CBS News & the NY Times: Woman uses DNA test, finds sperm donor – and pays a “devastating” price.

By admin on February 14, 2019

Woman uses DNA test, finds sperm donor – and pays a “devastating” price.


CBS ran their story on the Northwest Cryobank situation I wrote about in my last blog post and the NY Times ran its story on February 16, 2019.

It’s my professional opinion that sperm banks’ attempts to keep donor-conceived people from their first- and second-degree genetic relatives, by trying to prohibit mutual consent contact on DNA websites and on the Donor Sibling Registry (DSR), has nothing to do with “protecting the donors” as they claim, but rather an attempt to keep their wrong-doing from becoming public.

Threatening parents for testing their child’s DNA and for reaching out to first- and second-degree genetic relatives to learn more about ancestry, ethnicity, and medical history is a battle that’s already been lost and only a diversion to the real problems and issues at hand within the sperm banking industry.

It’s absurd that none of these critical items (with real and devastating consequences) are in the agreements that parents sign:
  • • Sending the wrong sperm (happens frequently; two such reports from NW Cryobank parents this month)
  • • Changing donors from open to anonymous; this happens frequently — several reports from several of the large U.S. sperm banks, including NW Cryobank, with the donor featured in this story
  • • Keeping accurate records (no sperm banks have accurate records on how many children are born from any one donor)
  • • Updating and/or sharing medical information (84% of surveyed sperm donors were never asked for medical updates)
  • • Tracking or limiting the number of kids born from any one donor. The DSR has many groups of more than 100 half-siblings, all the way up to around 200. Limiting the number of kids born to any one donor is also not in any of the donor contracts, although many donors, including my own, have been promised no more than 10 kids. You can’t limit until you accurately track, which just isn’t done.
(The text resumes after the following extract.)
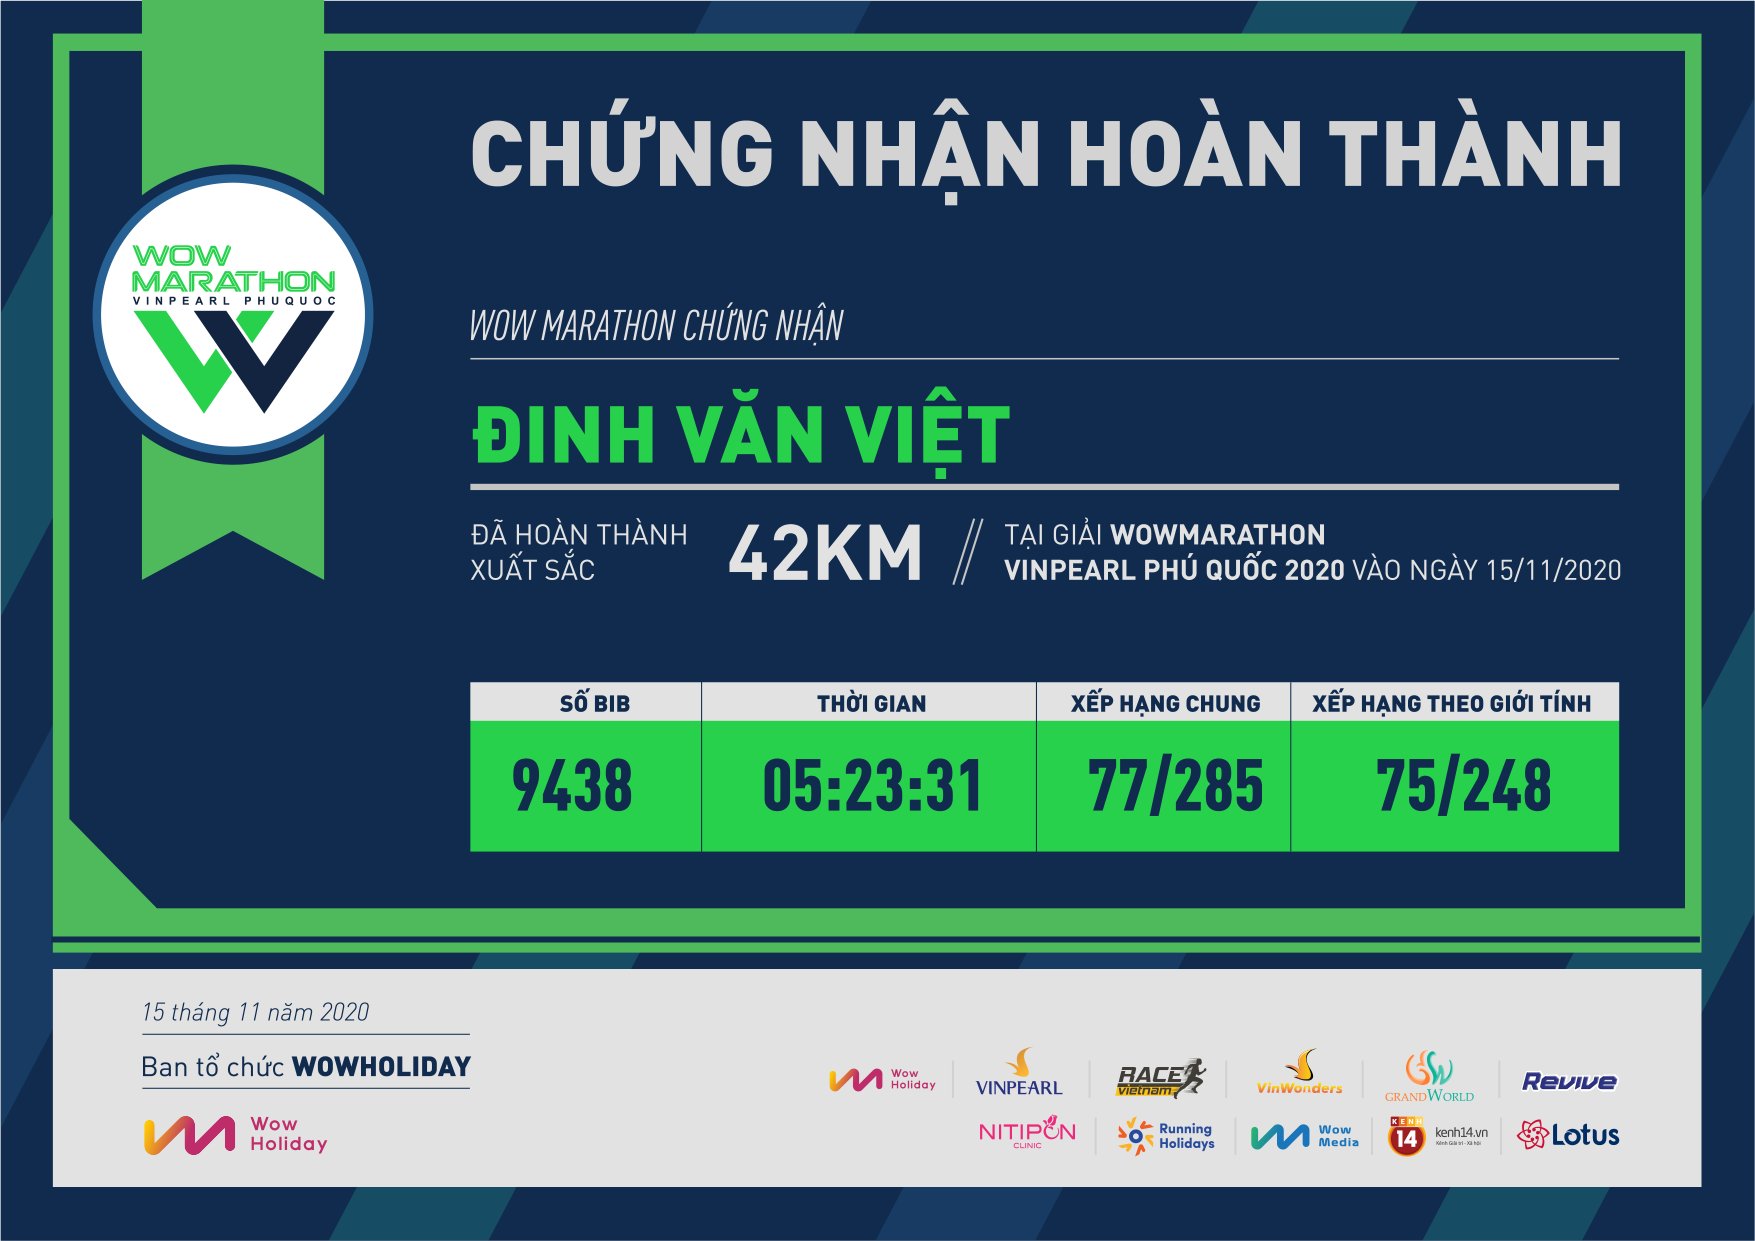 9438 - Đinh Văn Việt

NW Cryobank is the only sperm bank threatening their donors into not signing up to the DSR to make mutual consent contact. This is deliberately keeping donors from sharing and updating medical information with the families, and vice versa. 

The sperm bank’s reason for not allowing donors to make mutual consent contact on the DSR was to “protect the parents,” and their reasoning for not allowing parents to “seek the identity of the donor” (DNA test) was to “protect” the donor. The director of Fairfax Cryobank told me that the reason they don’t allow donors from before 2010 to know their own donor numbers (thereby attempting to keep donors from connecting with offspring) was also to “protect the parents.” So it seems like these sperm banks are playing both sides of the field: threatening both parents and donors for their own “protection.” In reality, these policies mainly serve the interests of sperm banks.

“I get the distinct impression they are trying to limit my access to other families since my daughter was born with genetic issues.”

NW Cryobank/California Cryobank said in their response letter to Ms. Teuscher, “There’s a human being on the other side of the gift,” referring to the donor. Donors sell their sperm, and parents pay a lot for a vial of it. No one is “gifting” anything. It’s a commercial transaction — a seller, a middleman, and a buyer. NW Cryobank has taken back the “gifts” that Ms. Teuscher paid a lot of money for.

Donor offspring of all ages are testing their own DNA, sometimes completely unaware that they are donor-conceived and they, along with all other offspring, never signed any type of “agreement” prohibiting mutual consent contact with their biological relatives, via DNA testing or via any other methodology. When you submit DNA, oftentimes you are told that you’re 15% or 25% related; so until you reach out to that unknown relative, you just don’t know if it’s a half-sibling, a grandparent, a cousin, or an aunt or uncle.

It’s time that sperm banks shift their decades-long great effort and focus from attempting to keep donor-conceived people from connecting with their first- and second-degree relatives to learn more about their ancestry, ethnicity, and medical backgrounds to understanding, acknowledging, and addressing the needs and rights of these people. We invite the sperm banks to read the two-dozen research papers that we’ve published in peer-reviewed academic journals that address the psychological and medical impact of donor anonymity and the importance of these connections. 

Additionally, it’s urgent that the banks stop the practice of promising/forcing anonymity in all parent and donor sperm bank contracts. Donor anonymity ended in 2005 when the first donor offspring located his donor via DNA testing. We invite all sperm banks to act in a more ethical manner and call for honesty, accountability, and responsibility within the industry.